Oscar Murillo cambió los oleos por el masmelo y el chocolate. En su ultima exposición no hay Yuka, Maiz, Mango ni Tamales pintados en lienzos gigantes sino cientos de chocmelos empacados en bolsitas plateadas y etiquetados con la popular Happy Face (cara feliz amarilla). La galería de arte David Zwirner de Nueva York se convirtió en una replica de la fábrica Colombina productora de este tradicional mecato colombiano. Una empresa creada en La Paila, el pueblo natal de Murillo, donde trabajaron sus padres y probablemente él, si de niño no hubiera salido de allí a limpiar pisos en Londres.
“El sabor es infinito” es lo primero que ven los que entran a este espacio en el barrio Chelsea, un lugar donde se respira chocolate. Quienes trabajan aquí son los tíos, primos y amigos del artista, empleados de Colombina que han heredado este empleo de sus papás, abuelos y posiblemente bisabuelos. En La Paila, trabajar en Colombina es una tradición generacional, 2500 personas de las 10 mil que habitan el pueblo cañero laboran en esta empresa productora de golosinas.
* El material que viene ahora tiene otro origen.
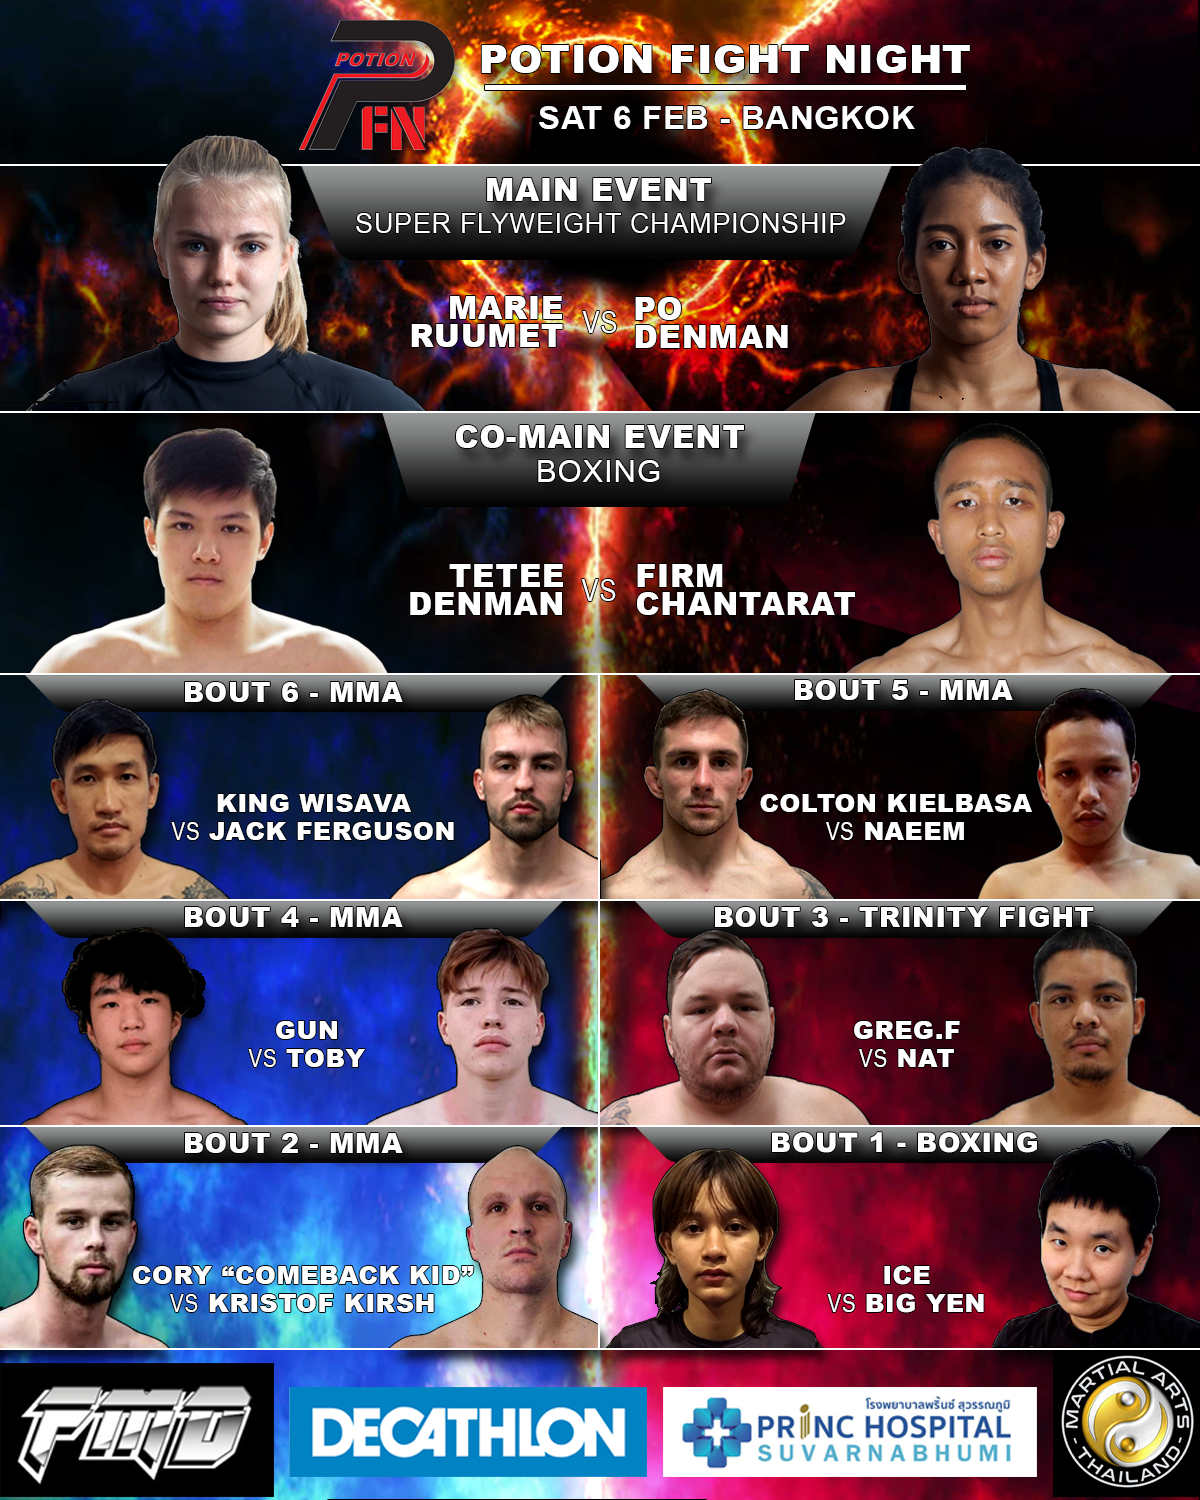 Potion Fight Night fight card poster

Una compañía que a lo largo de 100 años ha construido una comunidad alrededor de su marca, una familia a la que muchos dicen pertenecer con orgullo y a la que Murillo le regala un lugar importante en su biografía. Colombina fue la inspiración de esta obra en la que busca aproximar sus raíces vallecaucanas a la realidad de las grandes capitales, una realidad que conoció a los 10 años cuando salió de su pueblo.
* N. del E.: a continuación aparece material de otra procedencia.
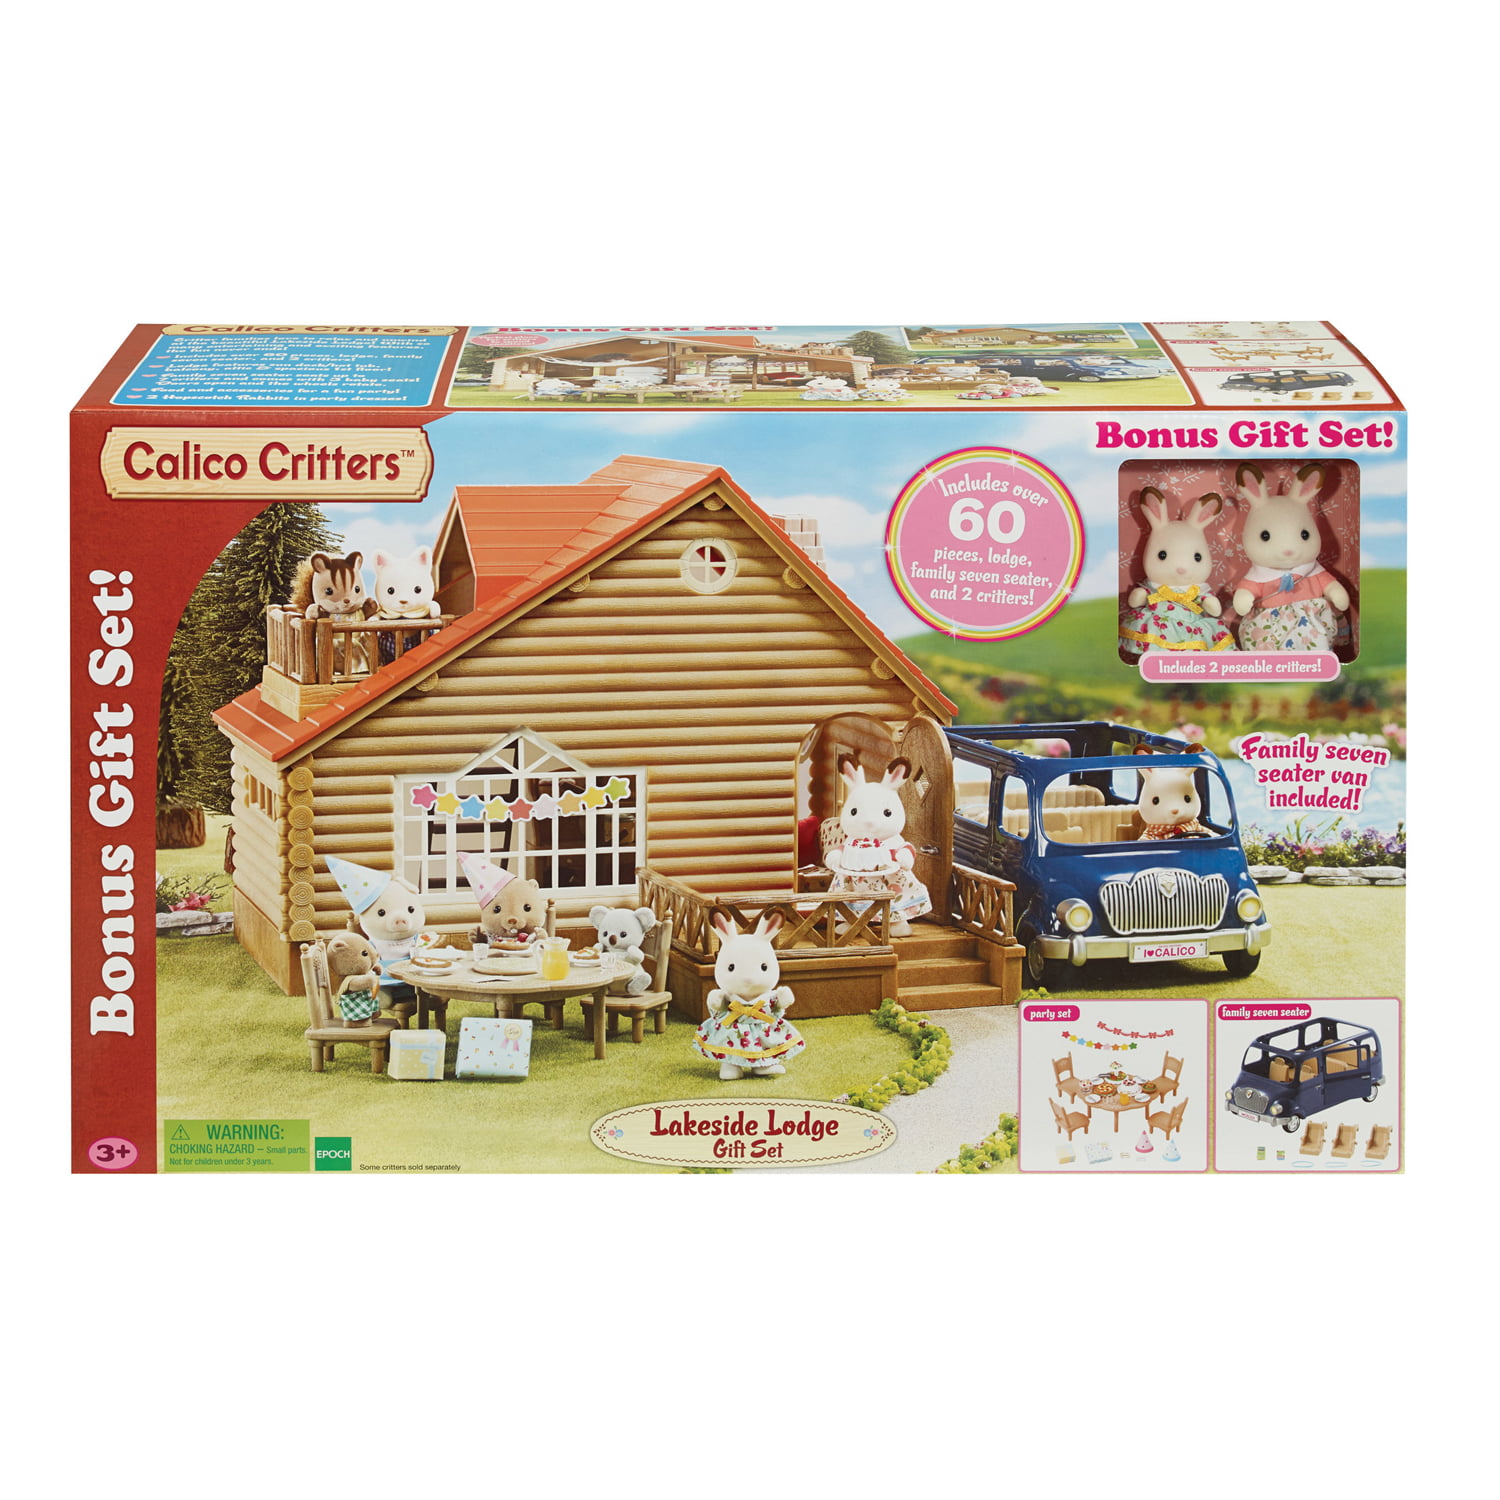 Calico Critters Gift Set Online, 58% OFF | www.simbolics.cat

Trece obreros vestidos con guardapolvos blancos, cofias y mascarillas elaboran los chocmelos con la misma receta, ingredientes, técnica y control de calidad que se hace en La Paila. Trece personas que nunca habían salido de Colombia y viajaron desde el Valle del Cauca hasta Nueva York para darle vida a la última idea de su amigo Óscar. Una experiencia que se construye hablando con los trabajadores, mordiendo el chocolate crujiente que cubre el esponjoso masmelo blanco y observando la sofisticada máquina alemana que elabora esta línea de bombones populares.
Por eso quienes cruzan las cortinas azules de plástico que dan la bienvenida a esta pequeña planta de producción se encuentran con el mundo de Murillo y la fábrica de chocolates. Una locomotora de producción en masa que así como Willy Wonka convirtió en una fantasía de azúcar, Murillo ahora lo hace realidad con los dulces que muchos niños colombianos llevan en sus loncheras. "No hubiera podido usar otra marca como Cadbury porque no tengo nada que ver con ella", dice el artista reafirmando una vez más que el origen de lo que hace está en La Paila.
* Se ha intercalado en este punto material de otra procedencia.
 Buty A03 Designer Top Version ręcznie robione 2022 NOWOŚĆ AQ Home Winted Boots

Cajas de cartón, cajones de madera, un cartel con las normas de seguridad, una cinta transportadora y el logo de Colombina dan vida a “Una novela mercantil” el nombre que Murillo ha elegido como apología a las historias que han nacido dentro de los pasillos de esta compañía. Cerca a la entrada de la galería cuatro pantallas muestran la producción de los chocmelos que se intercambian con escenas de los trabajadores explorando Manhattan. En una de las paredes hay una fotografía ampliada de su mamá durmiendo una siesta en el trabajo, y en la otra está el certificado de empleo de su papá enmarcado en tamaño original. La instalación consiste en ver como los empleados empapan uno a uno los masmelos en el chocolate, luego a través de una cinta transportadora estos pasan por una enfriadora y finalmente caen en una caja metálica en el centro del salón. Un proceso que el 14 de junio cuando se cierren las puertas se habrá repetido siete mil veces.
Esta es la primera vez que Oscar Murillo hace una exposición individual en Estados Unidos y no fue con una colección de multimillonarias obras sino con un experimento sin pretensiones. Un producto que no busca reventar las campanas de Sotheby’s ni Christie’s como lo ha venido haciendo con sus cuadros, sino poner a sonar el nombre del colombiano en una de las plazas más difíciles: Nueva York. Una exposición audaz que nadie se había atrevido a hacer y que no pretende abrir un debate sobre el comercio y la globalización sino sobre las relaciones sociales, las raíces y la migración.
Yo no soy una estrella”, dijo Oscar Murillo mientras firmaba autógrafos en la inauguración de la exposición. Sin duda hay quienes creen que haber logrado las ventas del vallecaucano a los 28 años es sinónimo de fama, una percepción que se ratifica con esta obra que ciertamente es un éxito para el artista y la galería. Haber creado una exposición de la que todos pueden salir con un pedazo del arte en el bolsillo es un total acierto, más aún, cuando la prensa especula que el fenómeno Murillo es una burbuja a punto de reventar. Probablemente con esto pierda el estigma del Basquiat colombiano y logre estabilizar esa imagen inflada producto de las subastas multimillonarias.